▶ [Goal of the exercise] Print a faithful copy of the data below, word for word, with the pictures left out.

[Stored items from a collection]
::::

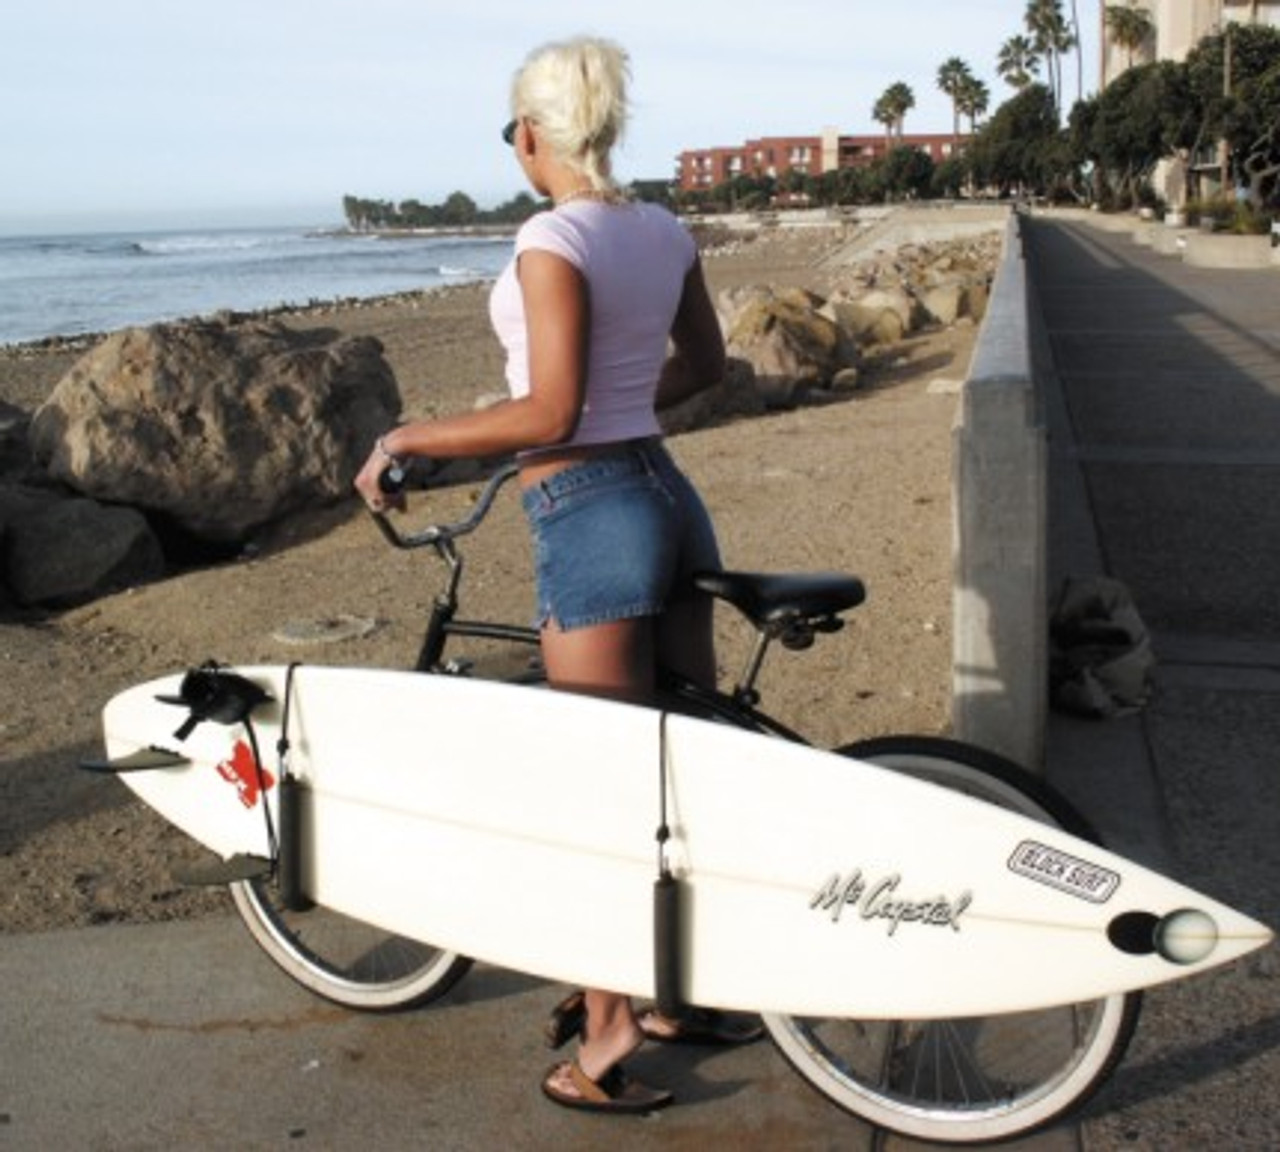 surfboard side rack for bike
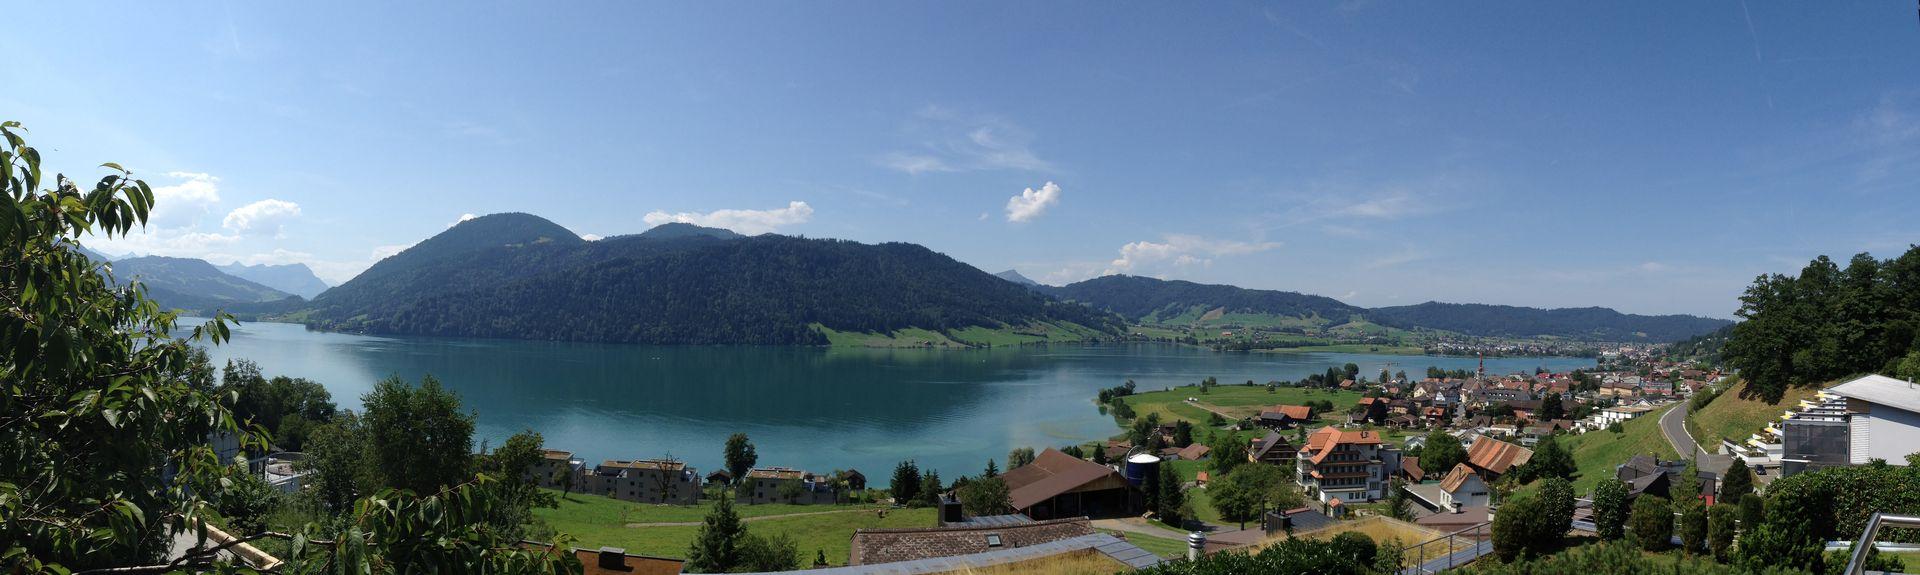 Uster Station, Switzerland
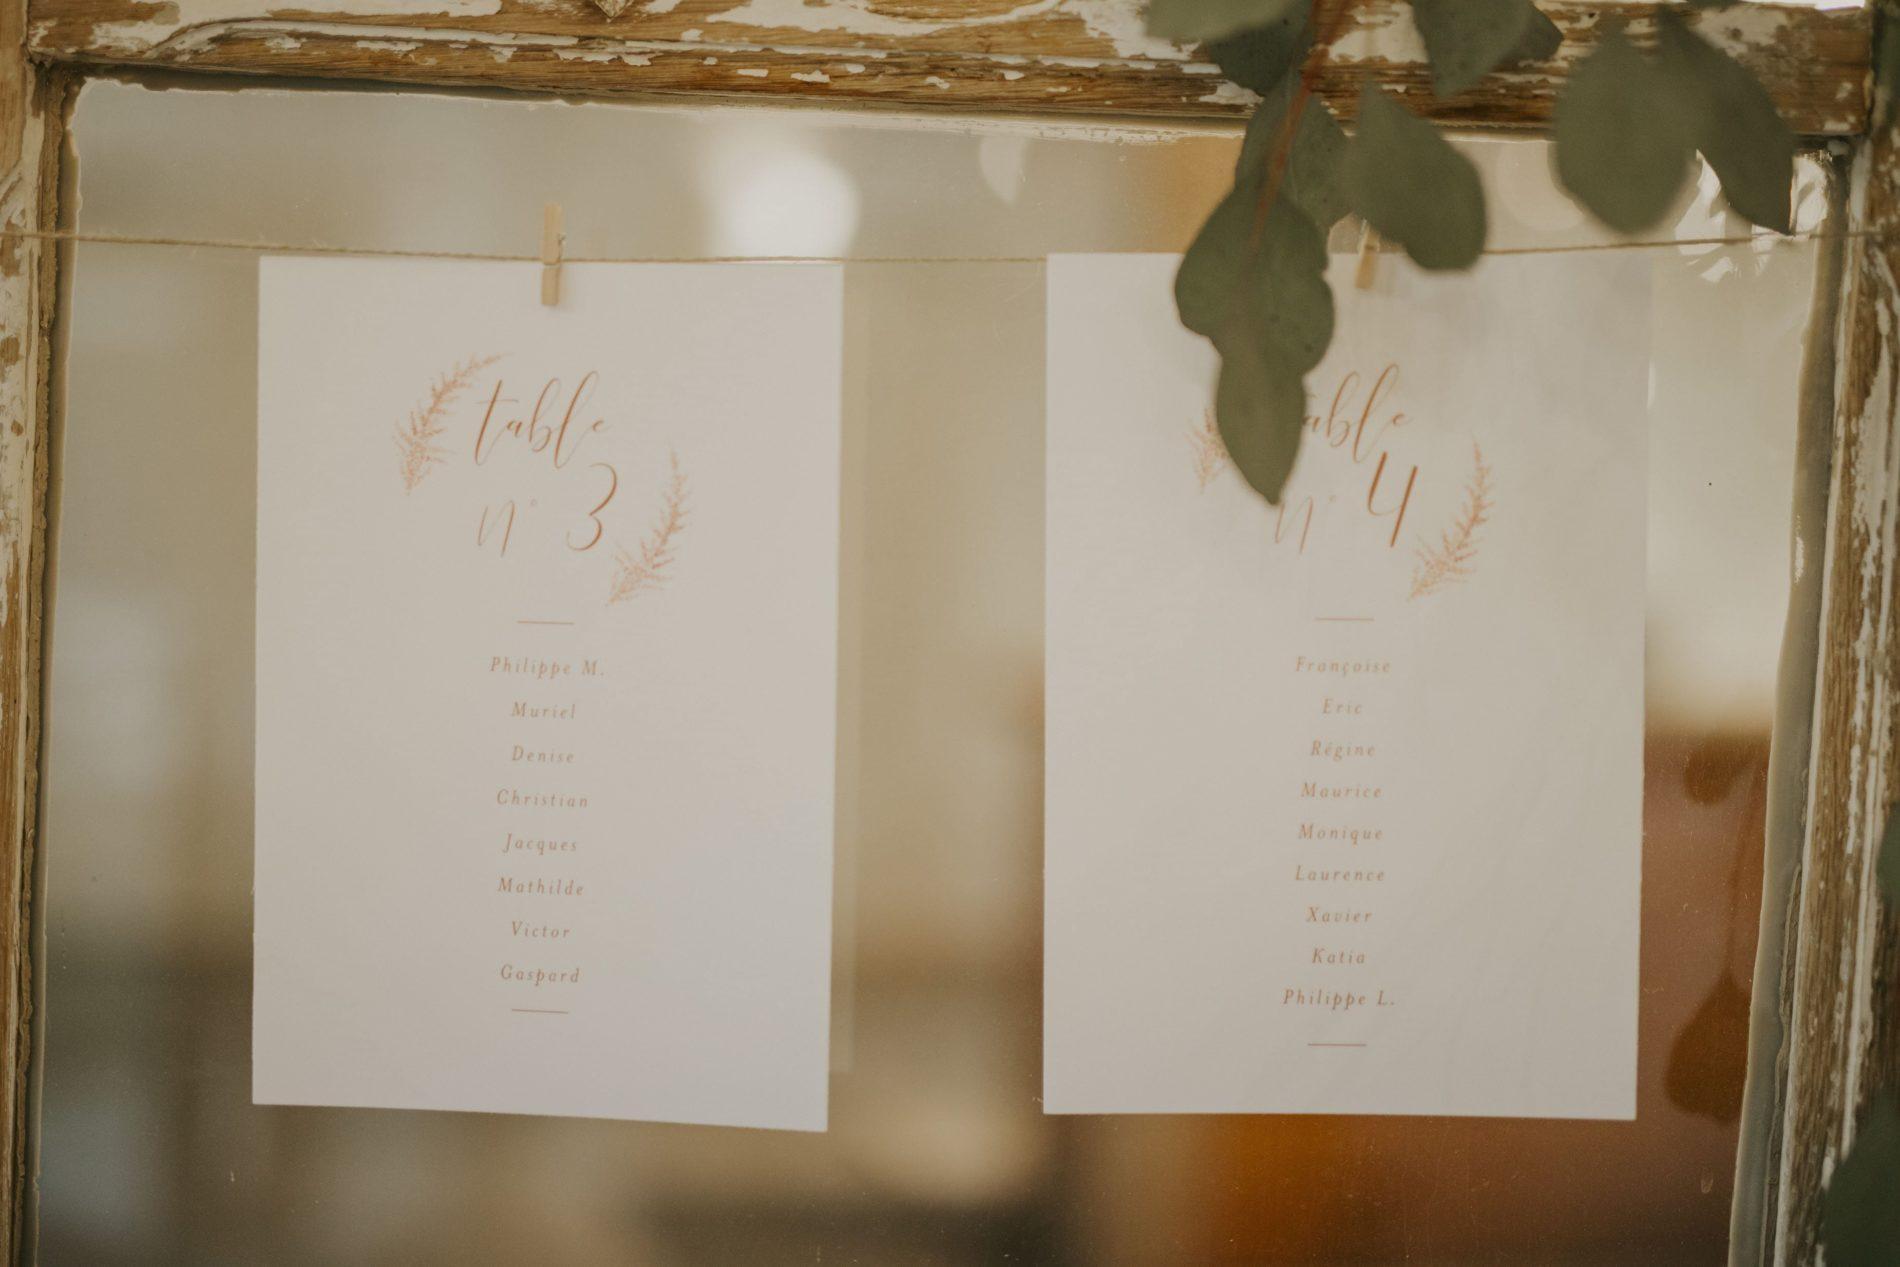 0155_04-CelineSereivuth-157-obonheurdesdames-decoration-mariage-location-Jordane-Chaillou
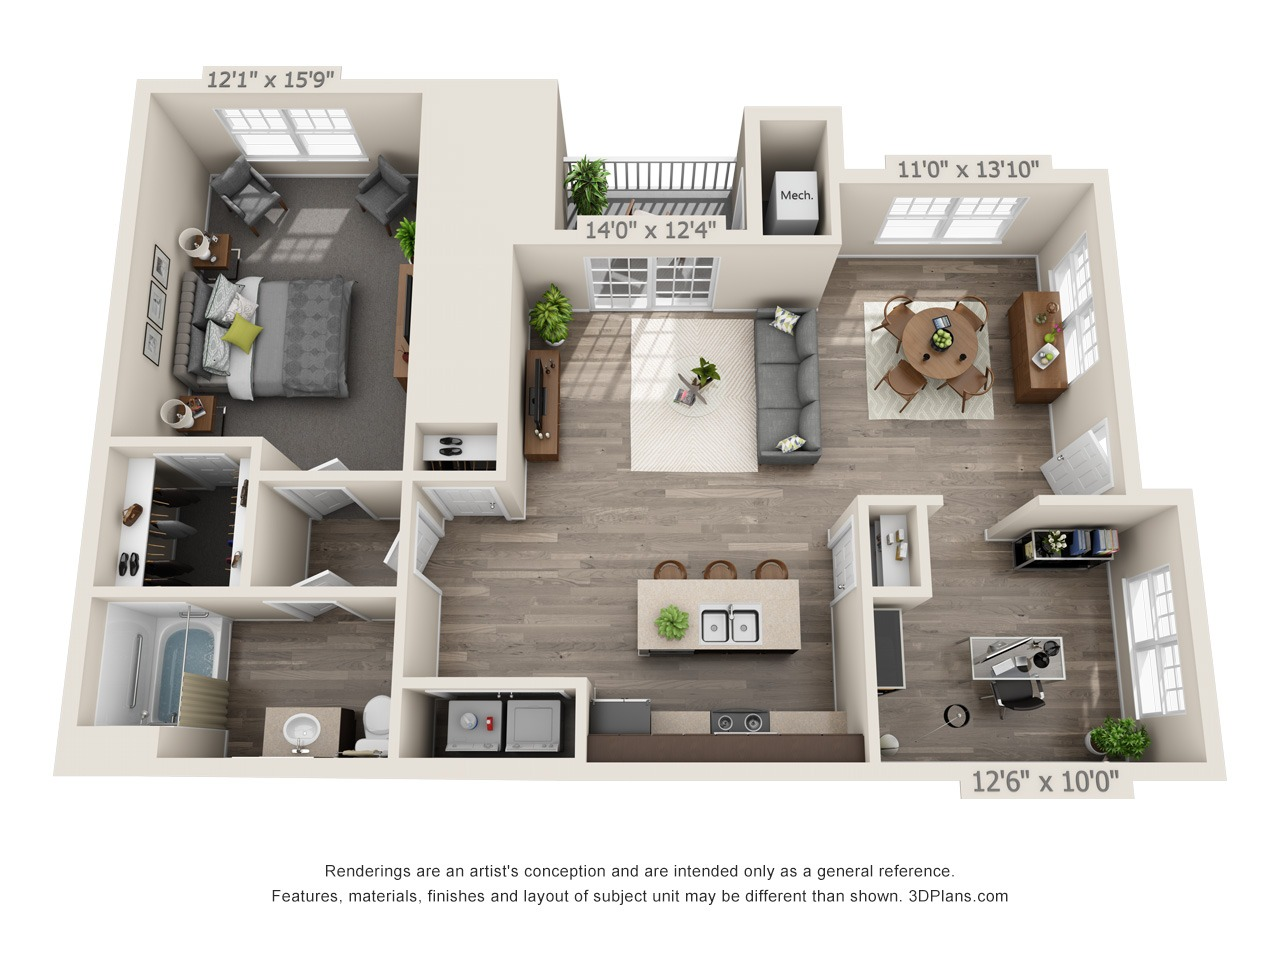 AD - 1 Bed / 1 Bath with Den - 1st Floor - 1,002 SF
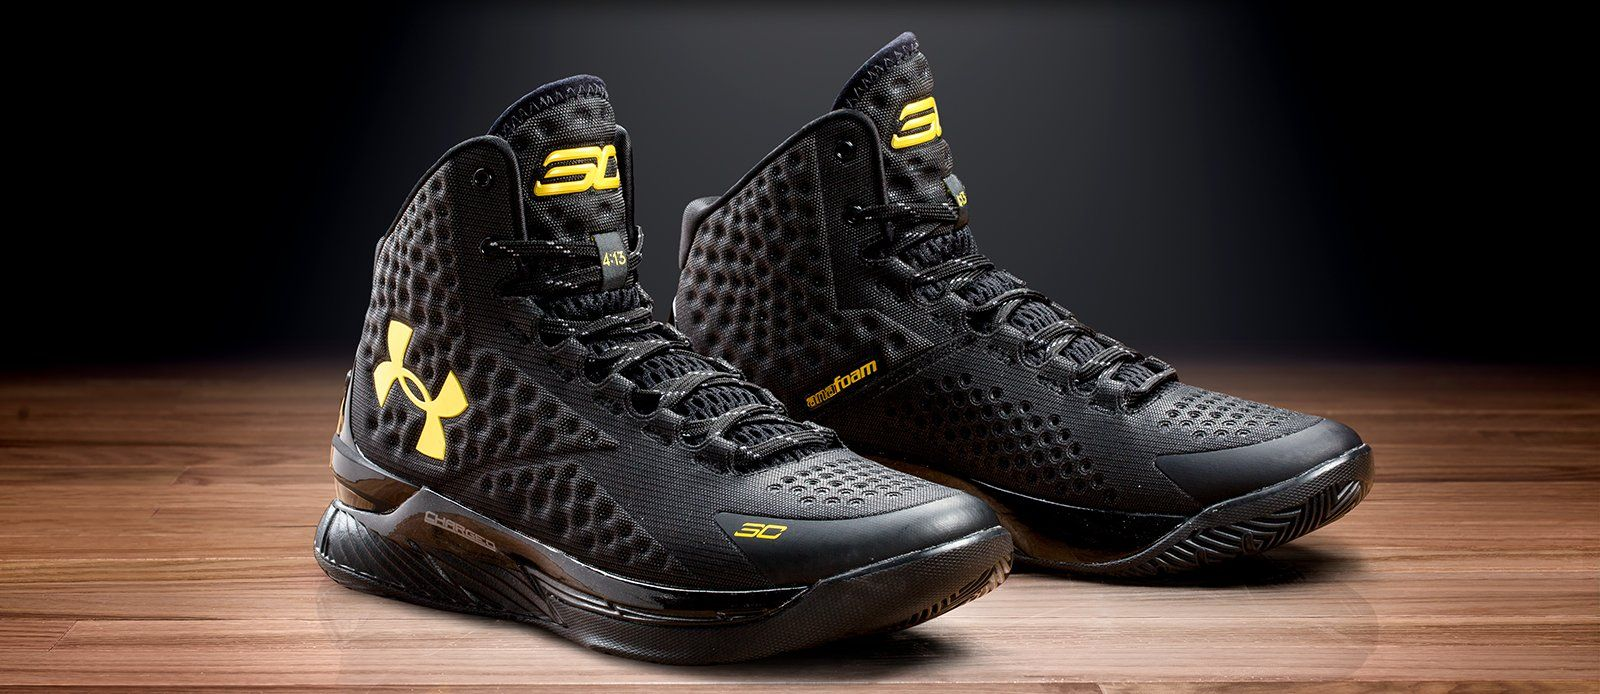 Sick Basketball Shoes

::::

▶ [Answer section]
 surfboard side rack for bike
 Uster Station, Switzerland
 0155_04-CelineSereivuth-157-obonheurdesdames-decoration-mariage-location-Jordane-Chaillou
 AD - 1 Bed / 1 Bath with Den - 1st Floor - 1,002 SF
 Sick Basketball Shoes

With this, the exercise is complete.